Users don’t like pre and post roll ads in general
Doritos superbowl ad (jumpnet) – User created ads for Doritos and SuperBowl – turn ads into content. http://promotions.yahoo.com/doritos/
Next step – contextual ads; ads that match what the user is interested in.
Privacy issue potential – not really; video isn’t doing anything new here – using same mechanisms that everyone else is on the web
Motivations for people are different – political, family, entertainment, semi-pros (want to get famous) – e.g. doritos commercial
New trend – video sites are becoming backend services for third parties (NHL powered by Revver, CNN video powered by someone else also)
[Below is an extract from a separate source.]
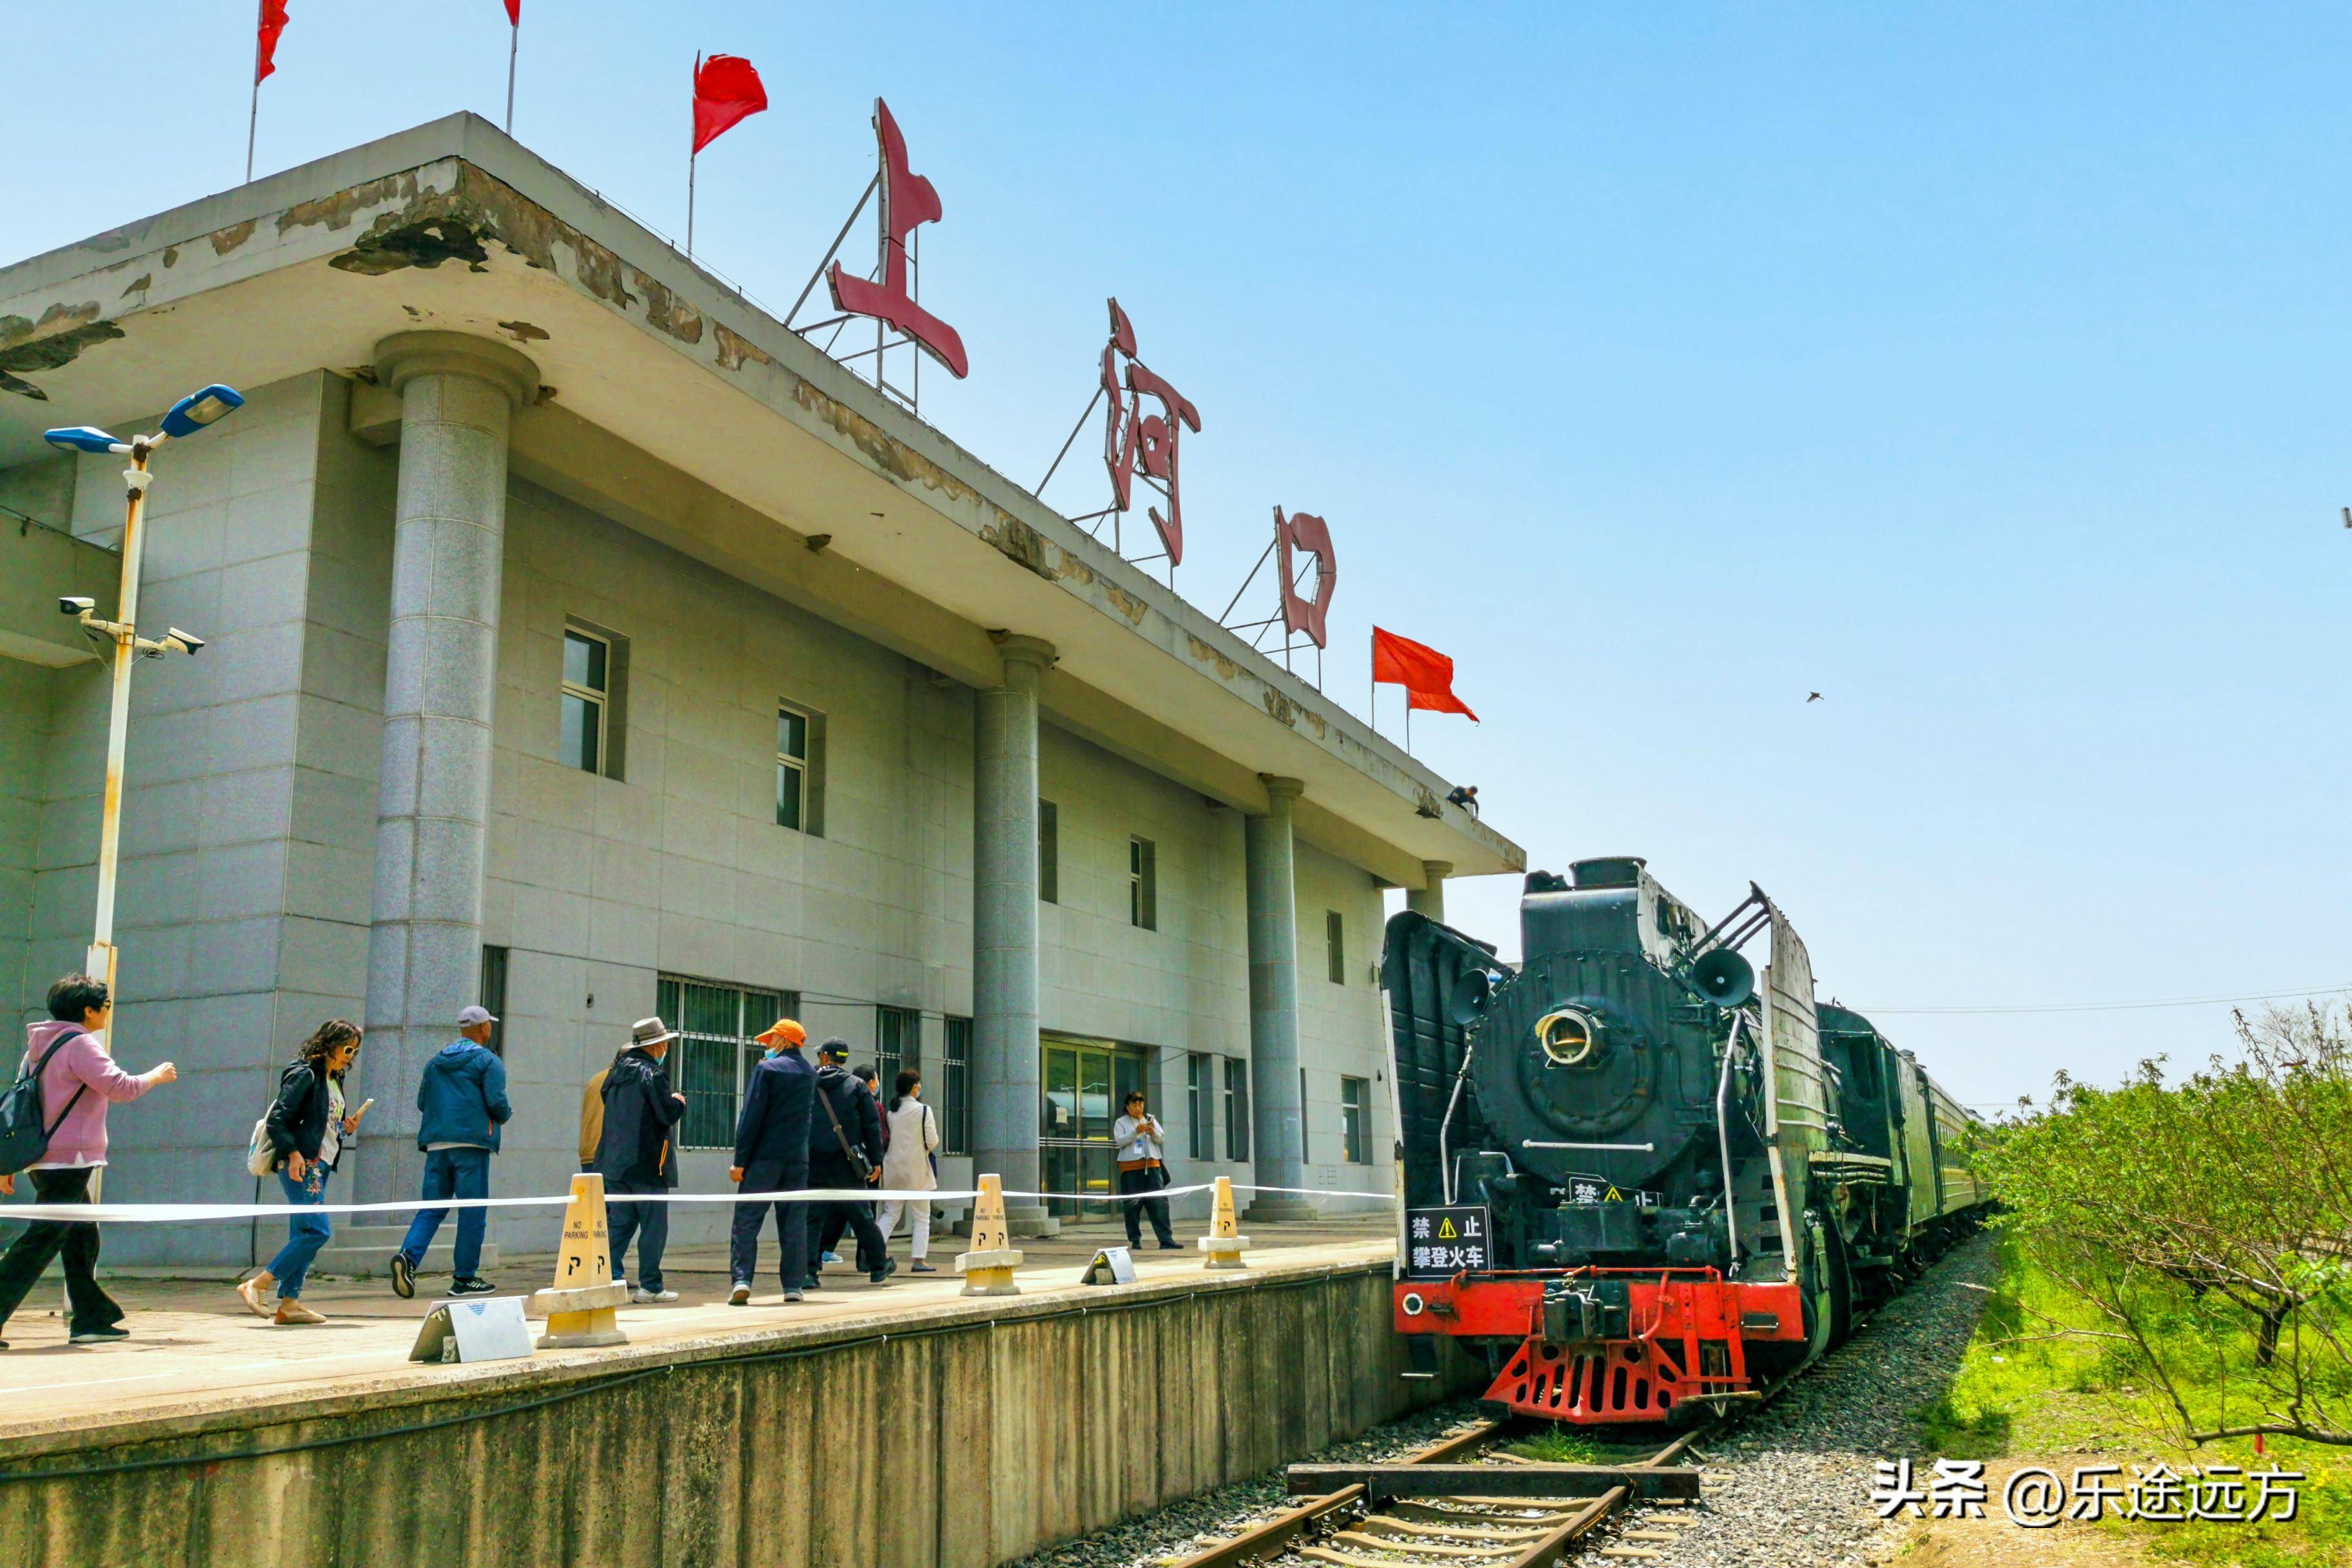 乘坐观光小火车欣赏中朝边境两侧不一样的风景丹东鸭绿江铁路大桥被炸

Quality of videos is important – higher quality typically gets higher views
50% of use from corporate domains during the business day
Web 2.0 Marketing
John Batelle led a discussion this morning at the web 2.0 conference. The focus was on web 2.0 marketing. He assembled a panel of experts:
John Battelle, Program Chair, Web 2.0 Conference; Chairman & Publisher, Federated Media Publishing
Curt Hecht, Chief Digital Officer, GM Planworks
Carla Hendra, Co-chief Executive Officer, Ogilvy North America
Casey Jones, Executive Vice President, Global Strategy Officer, McCann Worldgroup, Inc.
Here are some of the key points:
Examples that have worked
- Kurt described the Pontiac campaign thay ran for the Solstace. It treated search as a platform, and integrated TV and web advertising. One example he gave was a TV commercial directing users to the website. They also directed people to Google to see third party data. He mentioned that several enthusiasts sites were at the top of the search for “Pontiac”.
- Casey talked about using analytics to tie traditional and digital media and get the most impact. He gave an example of something called the Start Something Amazing Awards.The question they asked people to answer was “How has windows and Pc technology impacted your life?”The winners got to meet with Bill Gates and talk about the personal impact of technology on their lives.
- Carla talked about Dove’s Campaign for Real beauty. The video cost $50k to make and yielded an estimated $50M in advertising value. Plus it’s a great video. She also mentioned another example called the “Backdoor boys” made in Beijing. It is a bunch of kids lip synching to a backstreet boys song who get interrupted by their Mom. This video took off virally and generated an estimated $60M in advertising value.
Other interesting tidbits included:
Start thinking about micro-content. This is the idea of creating content to reach smaller audiences. It can be a variation on a single piece or new pieces, but target smaller segments.
Mix professional content and user generated content. Present both on the same page.